What is Zero-Shot Object Segmentation?
Zero-shot object segmentation offers numerous benefits in computer vision applications. It enables models to identify and segment objects within images, even if they have never encountered examples of these objects during training.
This capability is particularly valuable in real-world scenarios where the variety of objects is vast, and it is impractical to collect labeled data for every possible object class.
By leveraging zero-shot object segmentation, researchers and developers can create more efficient and versatile models that can adapt to new, unseen objects without the need for retraining or obtaining additional labeled data.
Furthermore, zero-shot approaches can significantly reduce the time and resources required for data annotation, which is often a major bottleneck in developing effective computer vision systems.
In this tutorial, we will show you how you can implement a zero-shot object segmentation pipeline using Grounding-DINO and Segment Anything Model (SAM), a SOTA visual foundation model from Meta. In the end, we will compare its segmentation performance to a standard Mask-RCNN model.
First, let’s investigate separately what these foundational models are about.
Scale your annotation workflows and power your model performance with data-driven insights
What is Grounding DINO?
In the paper “Grounding DINO: Marrying DINO with Grounded Pre-Training for Open-Set Object Detection” the authors propose a method for improving open-set object detection.
So, what is this open-set object detection?
Open-set object detection is a subtask of object detection in computer vision, where the goal is to identify and localize objects within images. However, unlike traditional object detection, open-set object detection recognizes that the model may encounter objects from classes it has not seen during training. In other words, it acknowledges that there might be “unknown” or “unseen” object classes present in real-world scenarios.

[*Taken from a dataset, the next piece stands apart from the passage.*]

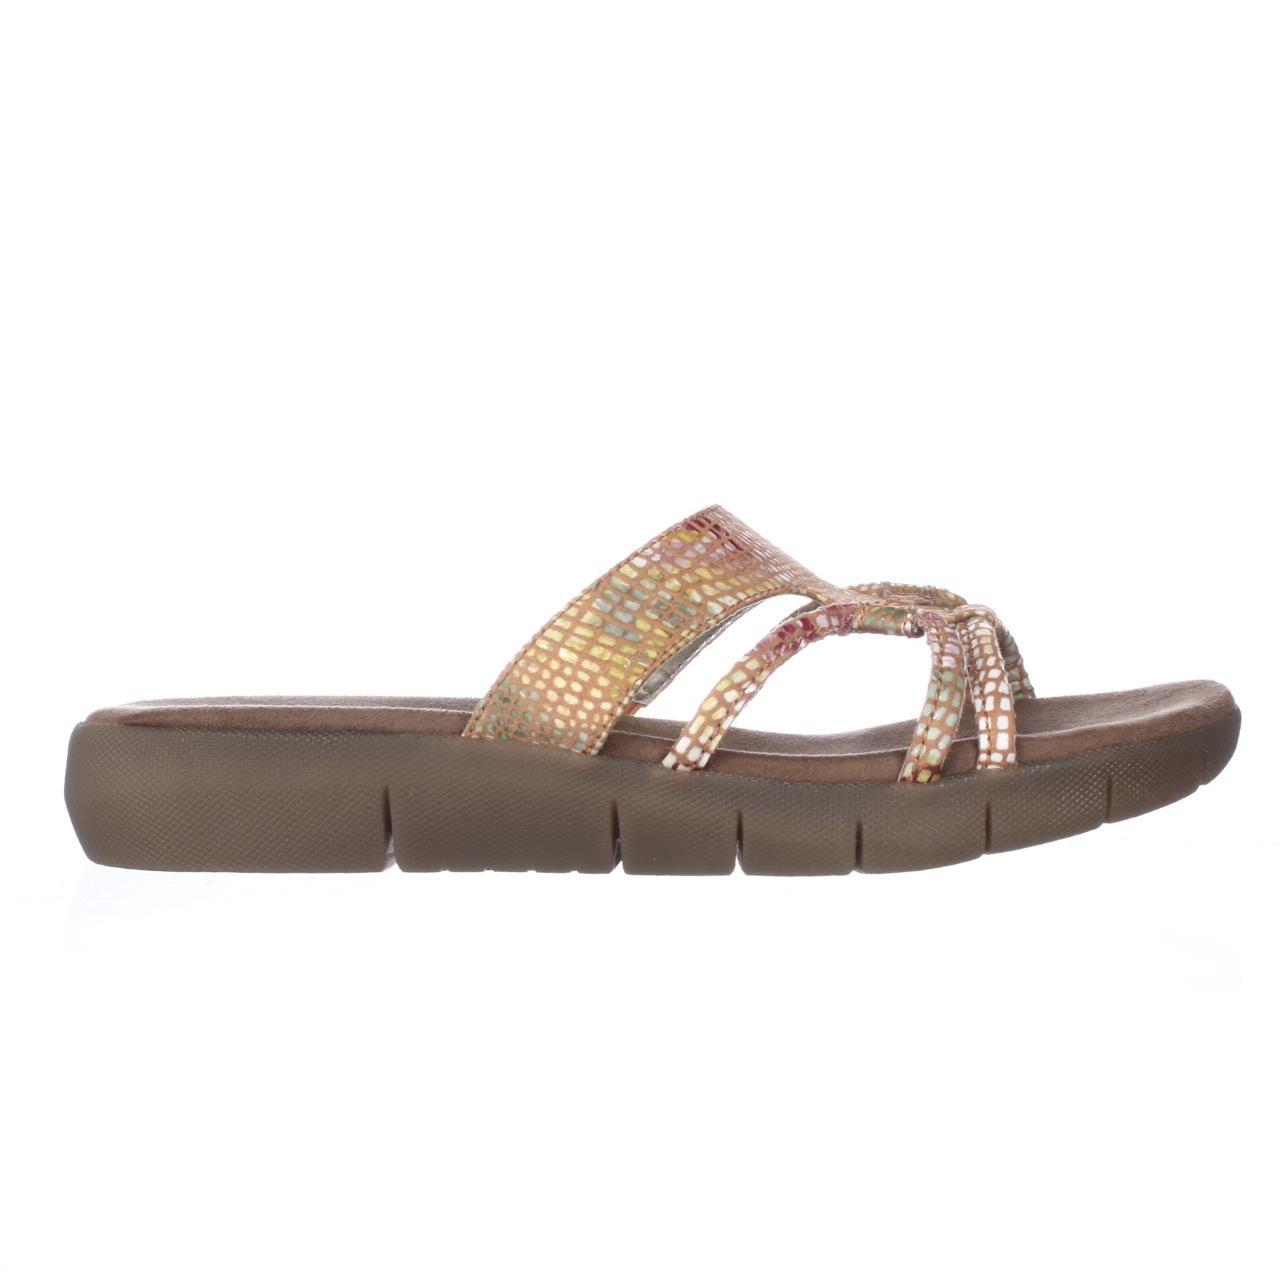 0232090f6f91 Lyst - Aerosoles Wip Away Comfort Slide Sandals in Brown

The challenge in open-set object detection is to develop models that can not only detect known objects (those seen during training) but also differentiate between known and unknown objects and potentially detect and localize the unknown objects as well. This is particularly important in real-world applications where the variety of object classes is immense, and it is infeasible to collect labeled training data for every possible object type.
To address this challenge, researchers often employ various techniques, such as zero-shot learning, few-shot learning, or self-supervised learning, to build models capable of adapting to novel object classes without requiring exhaustive labeled data.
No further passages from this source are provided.